- COLLECTED MATERIAL:
****************
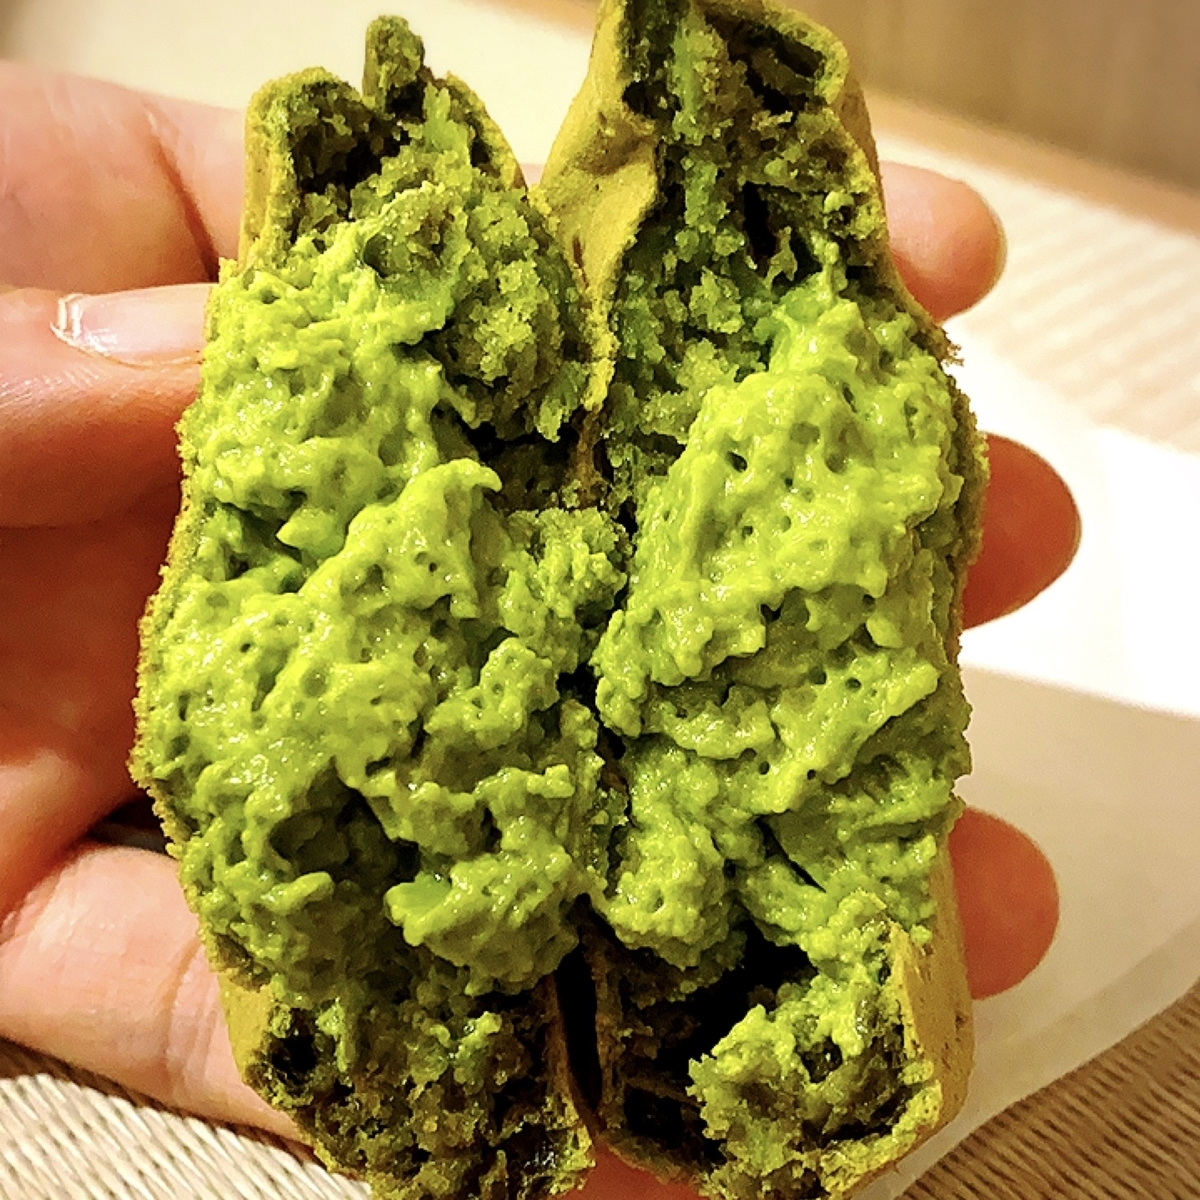 「d:matcha Kyoto」は抹茶スイーツや抹茶ギフトをお取り寄せするのにおすすめのネットショップでした
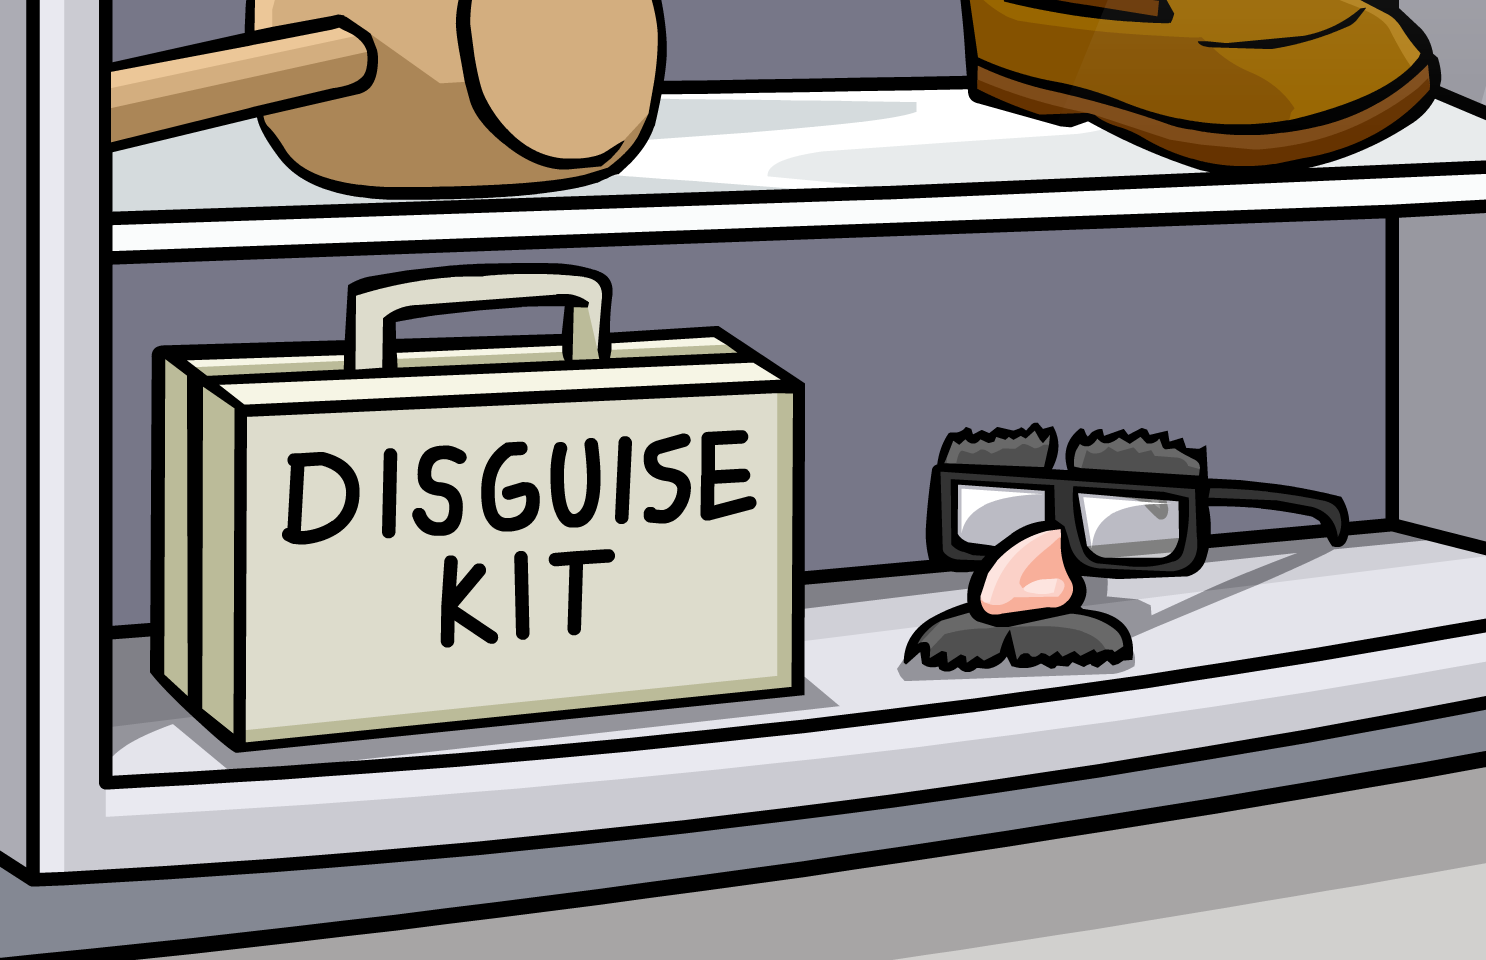 Disguise Kit
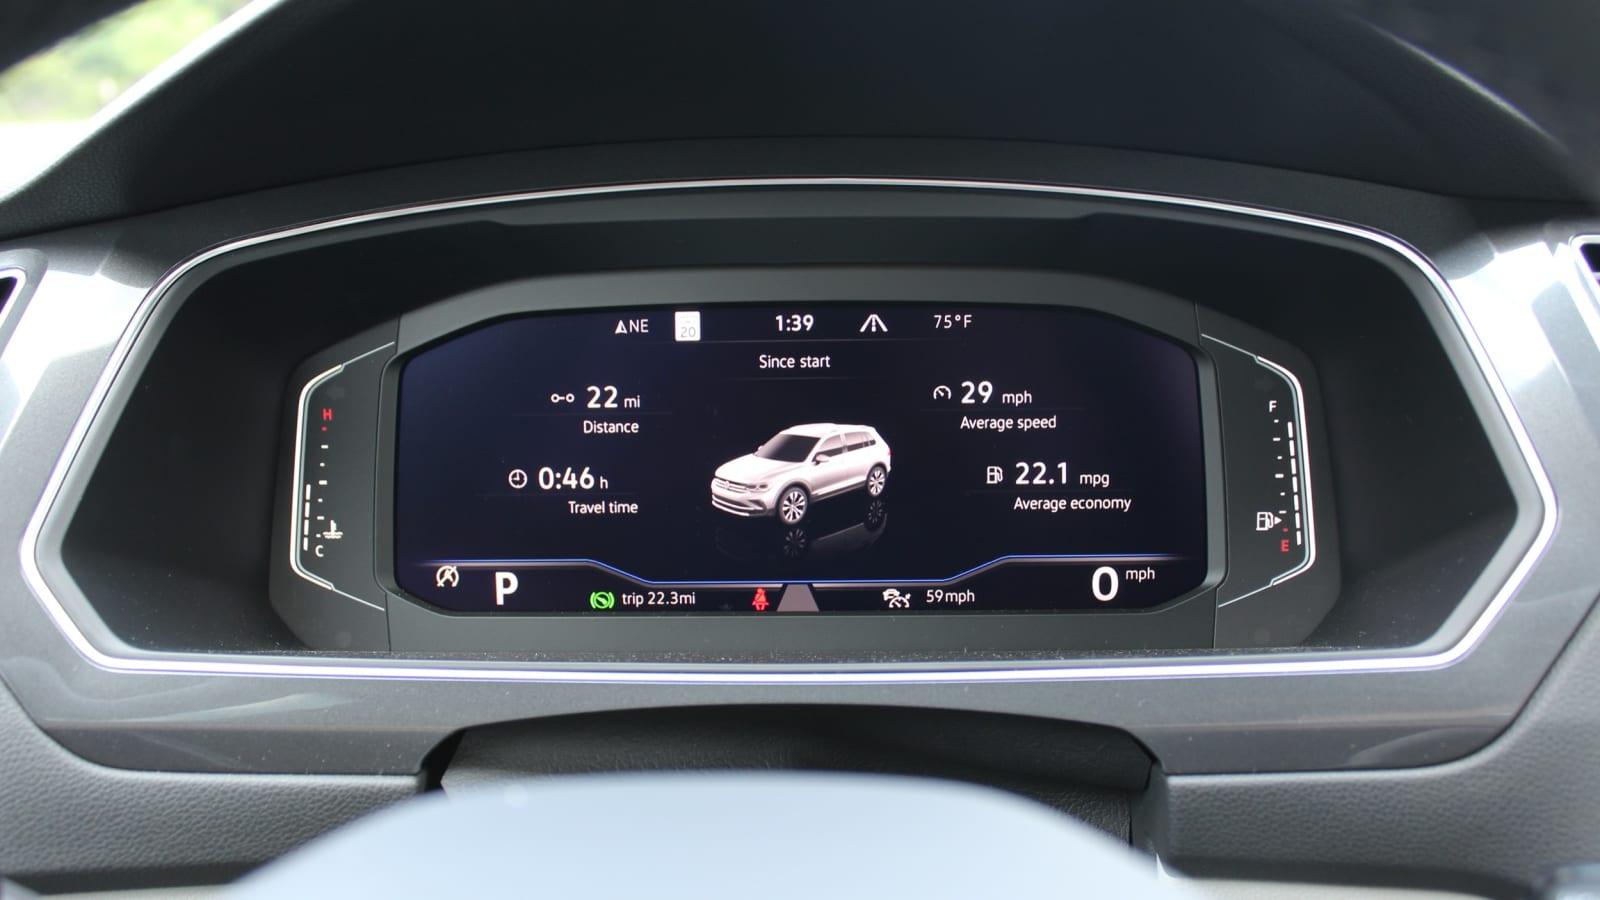 2022 Volkswagen Tiguan Erste Fahrt Bewertung€
****************
- ASSIGNED TASK: Leaving the pictures out, give back each line above exactly.

- SOLUTION TO THE PROBLEM:
 「d:matcha Kyoto」は抹茶スイーツや抹茶ギフトをお取り寄せするのにおすすめのネットショップでした
 Disguise Kit
 2022 Volkswagen Tiguan Erste Fahrt Bewertung€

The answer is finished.